Disappointed, I fell back into bed. It was that kind of a day.

An announcement was made later that someone had been smoking in the exercise room (how's that for irony?) and set off the smoke alarm that triggered the bells to abandon ship. It was my last hope of getting off alive.

It soon became evident that other than the breathtaking views that surrounded us, the riches of Alaska were making themselves invisible to us. At the Iliasi Pass, we were promised a peek at fresh lava flows ... if the weather was clear. It wasn't. We were teased with a chance to buy Tlingit art at a museum in Klawock. It was closed. We were to tour Cordova for a view of the Million Dollar Bridge. Two hundred and fifty thousand dollars of it had been carried away by moving glaciers. By the hour, the fishermen became more surly and the nature people more moody. The flora and fauna people began to drink.
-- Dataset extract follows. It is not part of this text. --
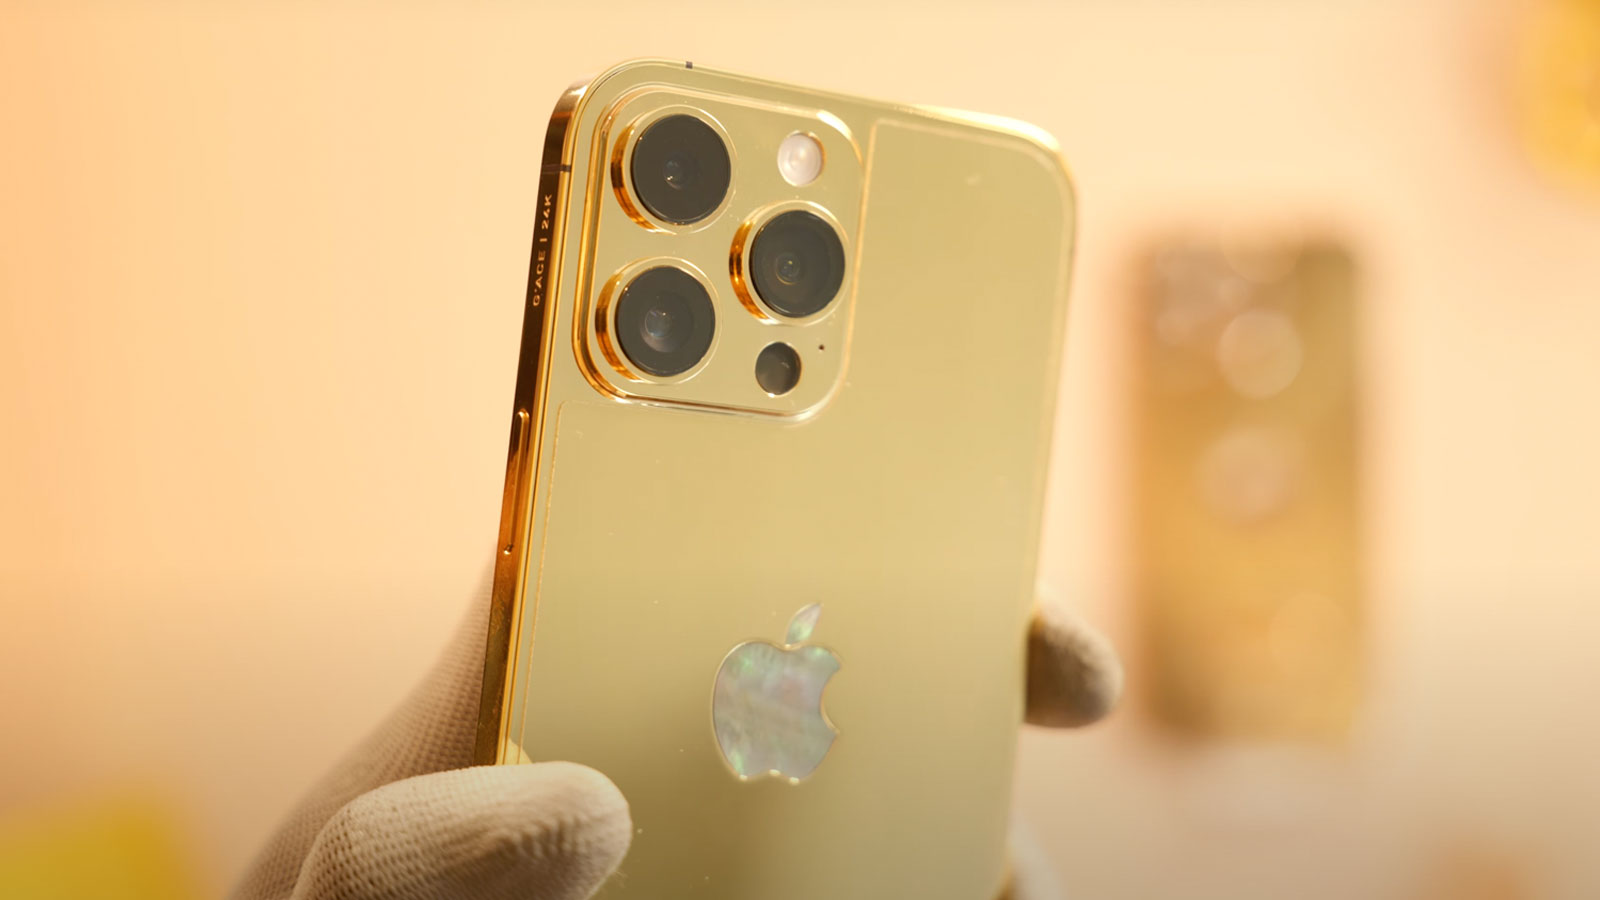 Bạn luôn muốn sở hữu sự khác biệt và độc đáo? Hãy khám phá ngay iPhone 14 Pro Max mạ vàng đính kim cương, sản phẩm sang trọng, quý phái và độc đáo đến từng chi tiết. Với kim cương đính kèm, nó không chỉ là một chiếc điện thoại thông thường mà còn là một tác phẩm nghệ thuật.

Every morning when we met for briefings, it was like ninety siblings who all should have been an only child. On about the twelfth day, the leader announced, “We'll drop off the fishermen at 1430. At 1600 we'll combine the other two groups to tour a totem park and a fish hatchery. There will also be a performance of traditional dancing.”

That was agreeable to the nature people, but the wildlife people became quite ugly. They were promised a film on the Kittiwake Rookeries, which seemed to settle them down. However, when the fishermen were picked up at 1930 and still had not caught fish, the resource person for fishing was fired on the spot. These people played hardball.

“Where is he?” I asked my husband.

“Gone.”

“But we're out on open seas in the middle of nowhere.” I could only assume he was set adrift on a floating iceberg because we never saw him again.

I hung out with all three groups. I sat in a zodiac in a cold rain for three hours and watched a brown spot on shore that half of the group said was a black bear. The other half said it was a tree stump. When it didn't move for three hours, I changed my vote to the tree stump theory.

I found the bird people to be quite extraordinary. Some of them kept track of the number of birds they spotted. I calculate I saw more in an hour from the fantail of the ship following the garbage than they did in two weeks. One day one of them was quite excited about a dark bird with a seven-foot wingspan. It turned out to be a mosquito.

I guess my favorite group would have to be the fishermen. You have to admire these people who are willing to go the distance for their sport. They'd sit around the table and spin stories of how they could taste the salmon they were going to catch in the months to come. My only experience with fishermen had been on the early Saturday morning television shows. There was always some guy named Bubba standing up in the boat with not another single boat around him. He had a friend named Roy who talked constantly and would say things like, “I never kissed a fish with bad breath, did you, Bubba?” And they'd laugh. Every time their lines hit the water, they got a strike. Every time.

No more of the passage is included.